═════ Data section
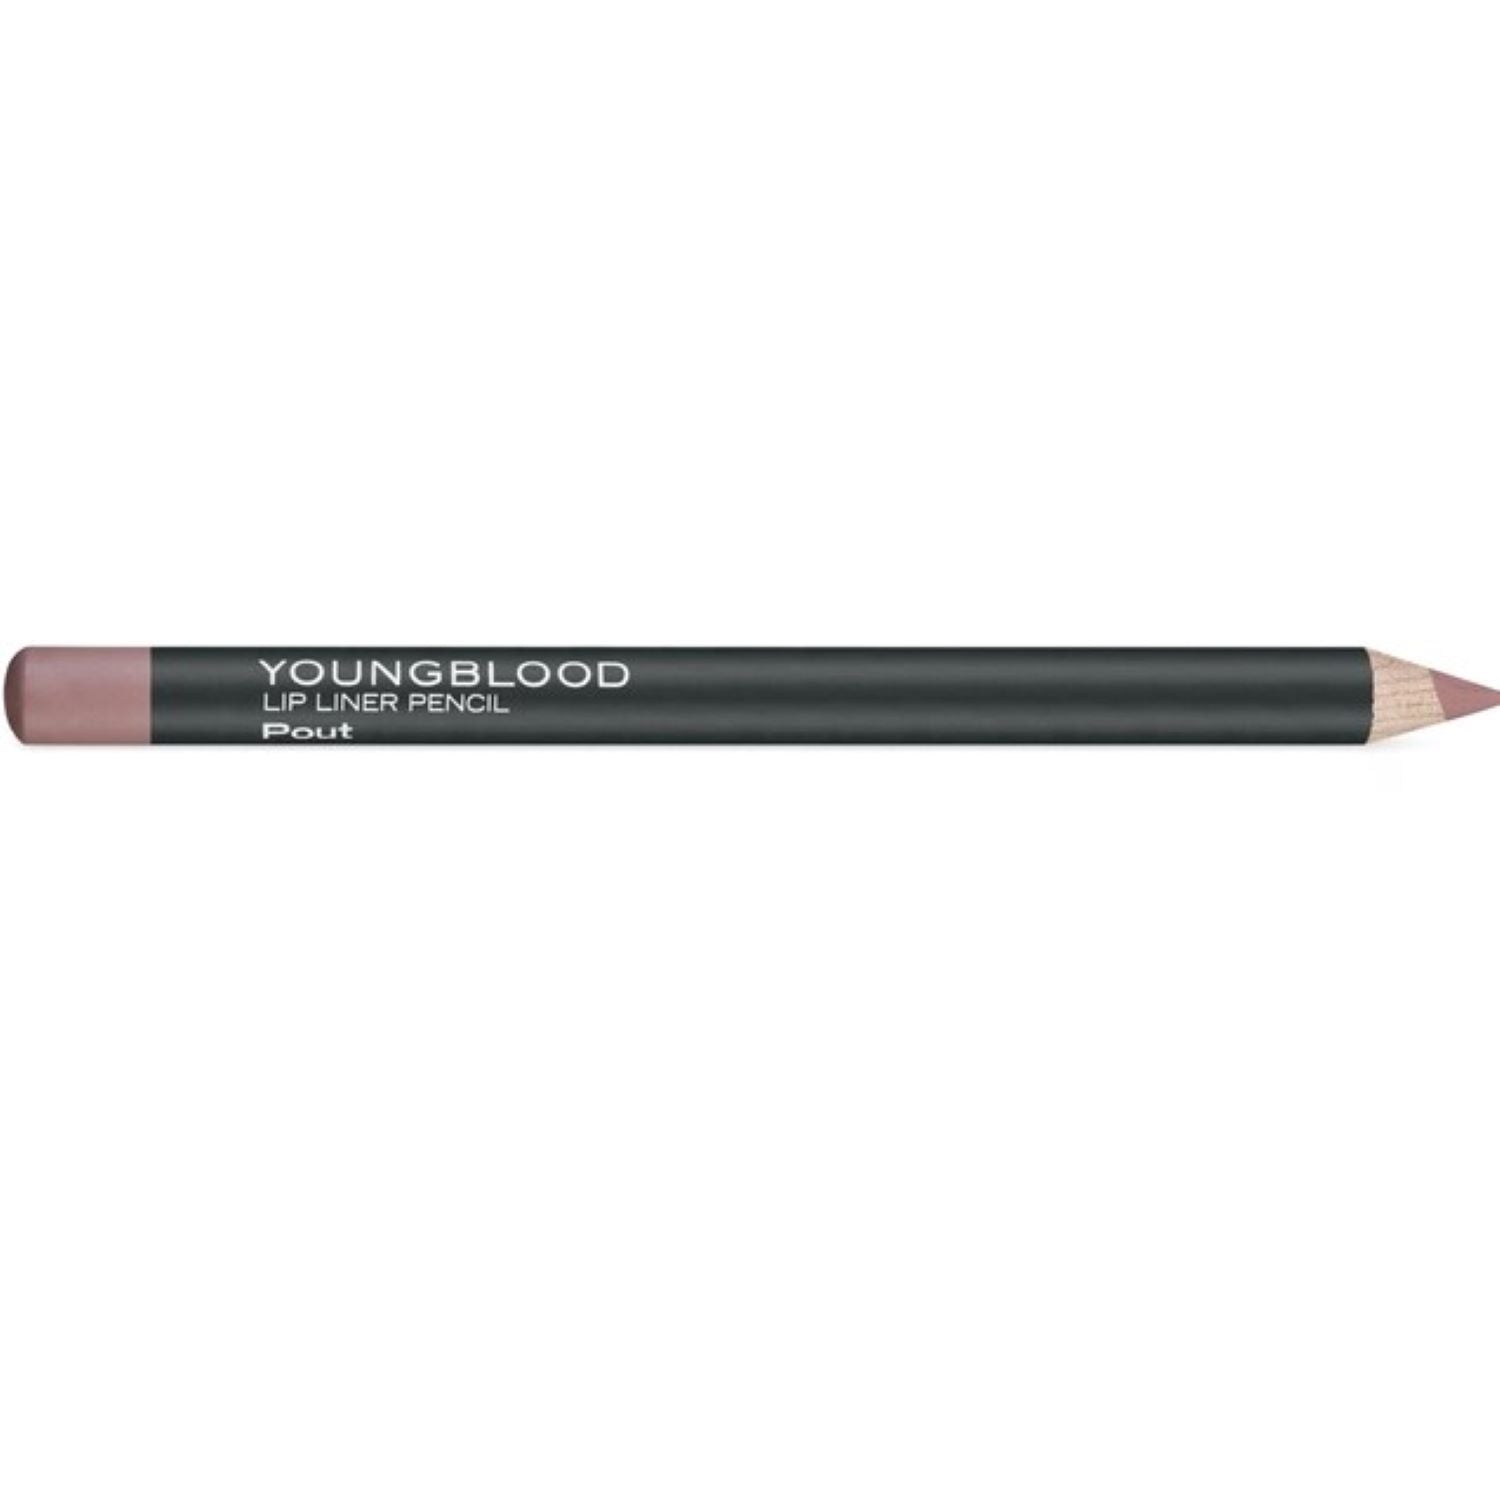 Youngblood Lip Liner Pencil / POUT
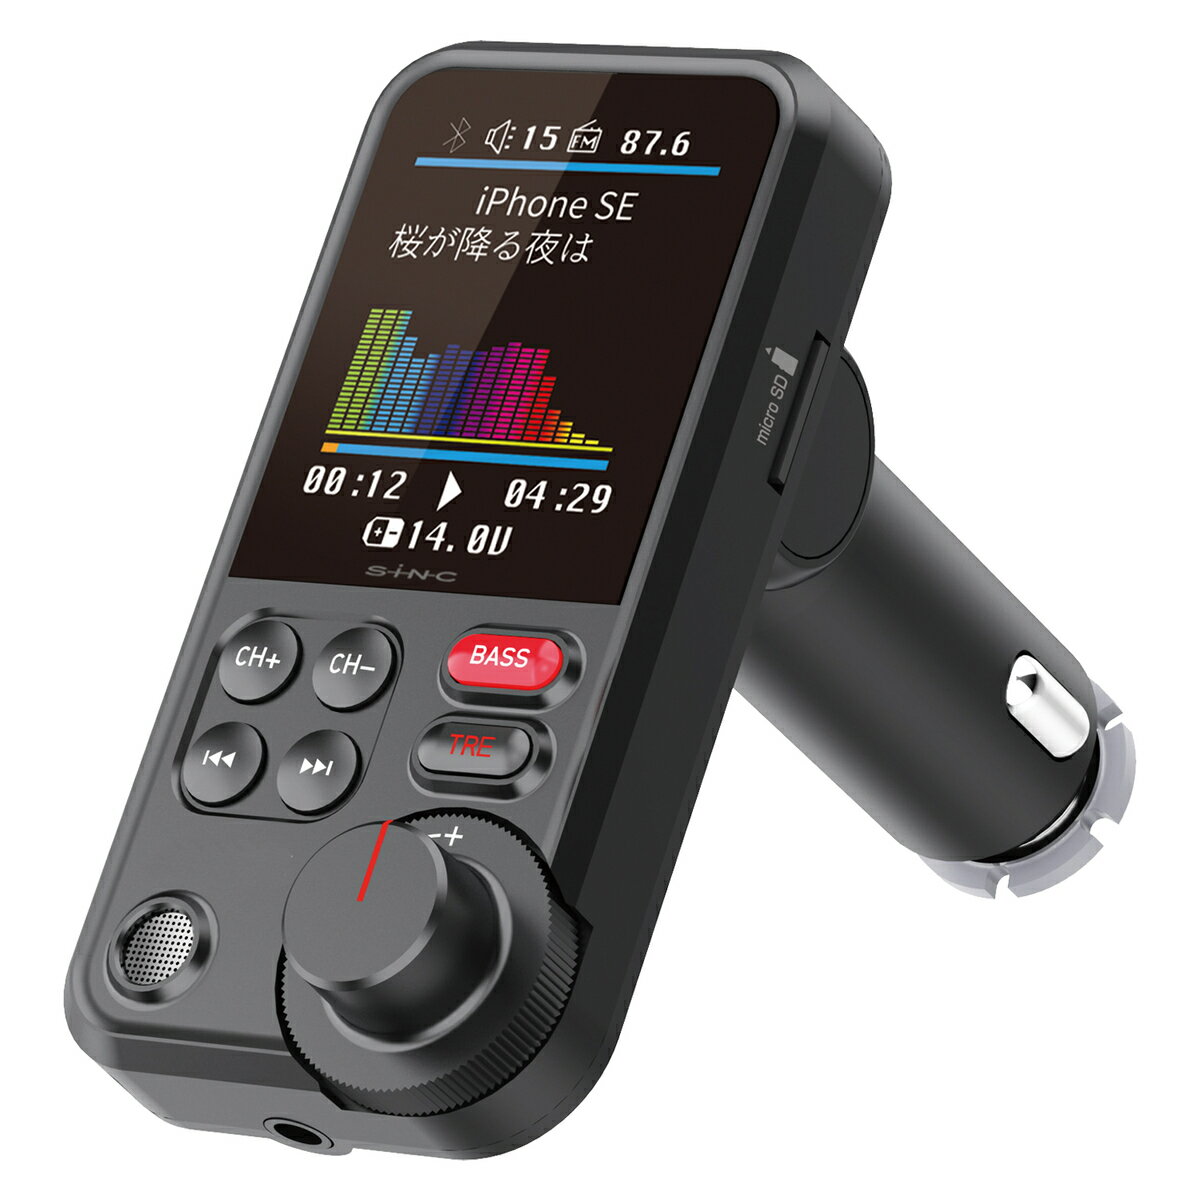 BTF110 Bluetooth FMトランスミッター ver 5.0 トランスミッター 音楽再生 カーステレオ ラジオ シガーソケット 高音質 充電器 カーチャージャー カー用品 車で音楽 音楽 スマホ スマートホン iPhone ブルートゥース
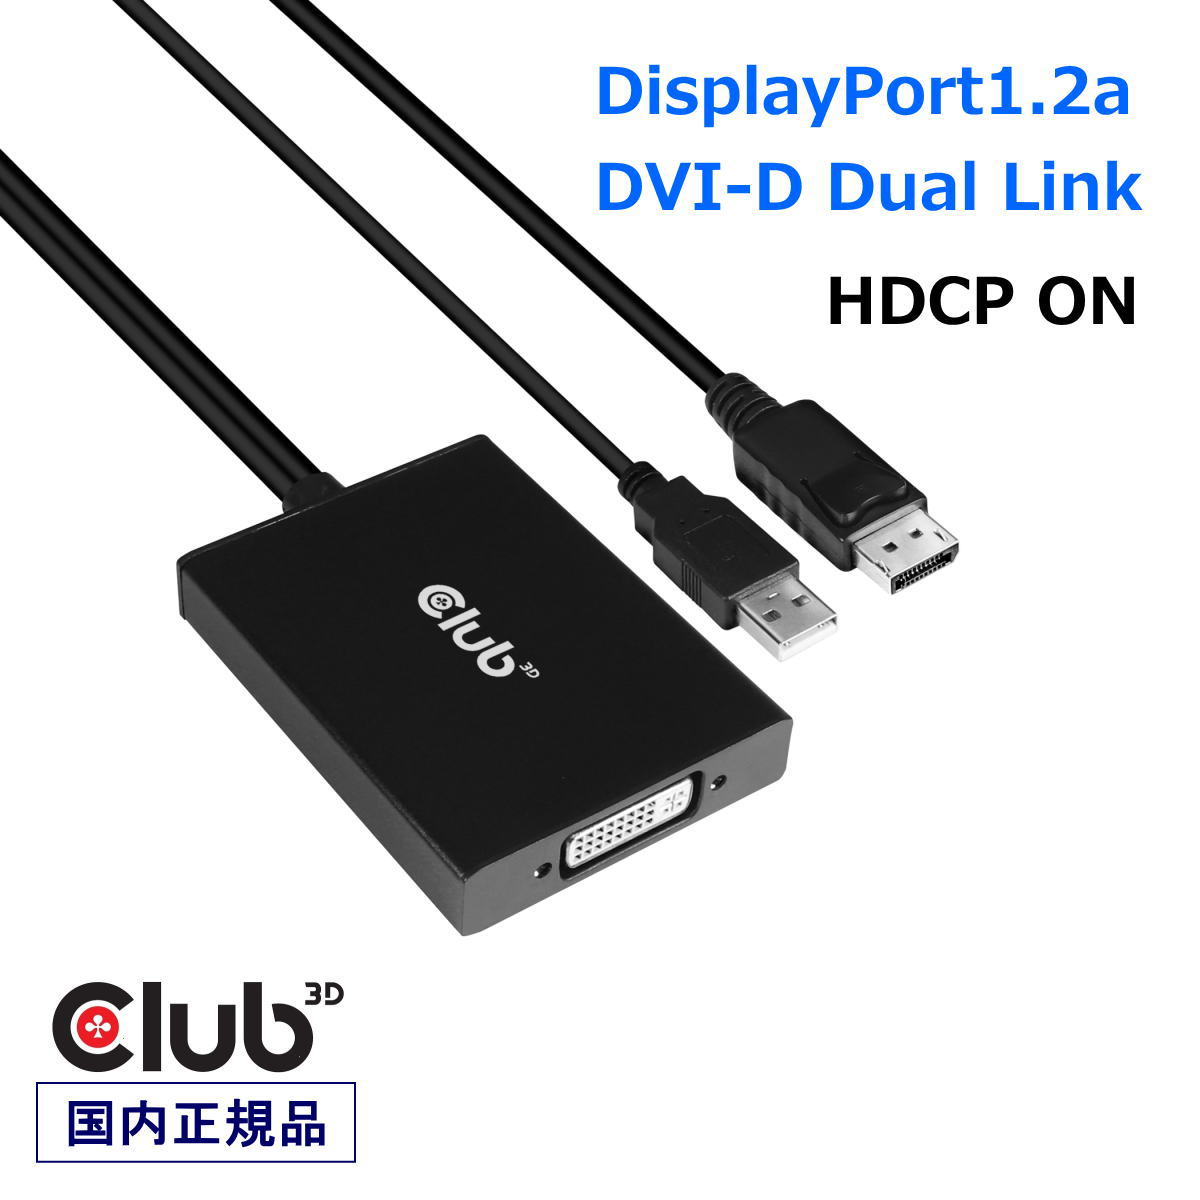 旧型モニタと最新デスクトップPCを接続するソリューション 国内正規品 Club3D DisplayPort to DVI-D DUAL LINK バージョン 購入 HDCP Active 価格は安く CAC-1010 アクティブアダプタ Adapter ON
══════════
Directions for this task. Repeat the material above exactly; any picture in it is left out.

Finished exercise.
 Youngblood Lip Liner Pencil / POUT
 BTF110 Bluetooth FMトランスミッター ver 5.0 トランスミッター 音楽再生 カーステレオ ラジオ シガーソケット 高音質 充電器 カーチャージャー カー用品 車で音楽 音楽 スマホ スマートホン iPhone ブルートゥース
 旧型モニタと最新デスクトップPCを接続するソリューション 国内正規品 Club3D DisplayPort to DVI-D DUAL LINK バージョン 購入 HDCP Active 価格は安く CAC-1010 アクティブアダプタ Adapter ON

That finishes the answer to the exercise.